### Directions
What is the number of lines in these records with "Case" in them? Answer with that number only.

### Data under study
'''
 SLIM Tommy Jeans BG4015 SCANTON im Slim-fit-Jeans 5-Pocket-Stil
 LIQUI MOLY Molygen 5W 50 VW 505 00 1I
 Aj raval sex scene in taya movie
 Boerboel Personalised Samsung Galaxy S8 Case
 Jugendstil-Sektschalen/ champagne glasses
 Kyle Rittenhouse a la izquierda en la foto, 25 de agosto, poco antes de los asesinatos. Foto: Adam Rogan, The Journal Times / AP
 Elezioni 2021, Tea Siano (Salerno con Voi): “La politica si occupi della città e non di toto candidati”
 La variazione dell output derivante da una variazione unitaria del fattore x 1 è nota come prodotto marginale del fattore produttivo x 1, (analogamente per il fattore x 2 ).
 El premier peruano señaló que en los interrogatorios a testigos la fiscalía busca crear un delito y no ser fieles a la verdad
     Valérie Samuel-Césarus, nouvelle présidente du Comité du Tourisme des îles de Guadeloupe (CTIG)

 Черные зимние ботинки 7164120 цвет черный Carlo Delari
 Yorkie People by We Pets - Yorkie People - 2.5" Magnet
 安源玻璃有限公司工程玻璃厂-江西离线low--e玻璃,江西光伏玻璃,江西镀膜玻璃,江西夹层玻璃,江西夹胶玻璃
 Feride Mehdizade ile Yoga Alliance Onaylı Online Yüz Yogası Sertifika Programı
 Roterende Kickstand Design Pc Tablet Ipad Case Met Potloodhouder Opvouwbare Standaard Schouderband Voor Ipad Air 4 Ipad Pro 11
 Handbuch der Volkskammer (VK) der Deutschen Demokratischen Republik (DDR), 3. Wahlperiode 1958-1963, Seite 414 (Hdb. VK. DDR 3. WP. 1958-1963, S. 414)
'''
### Worked solution
2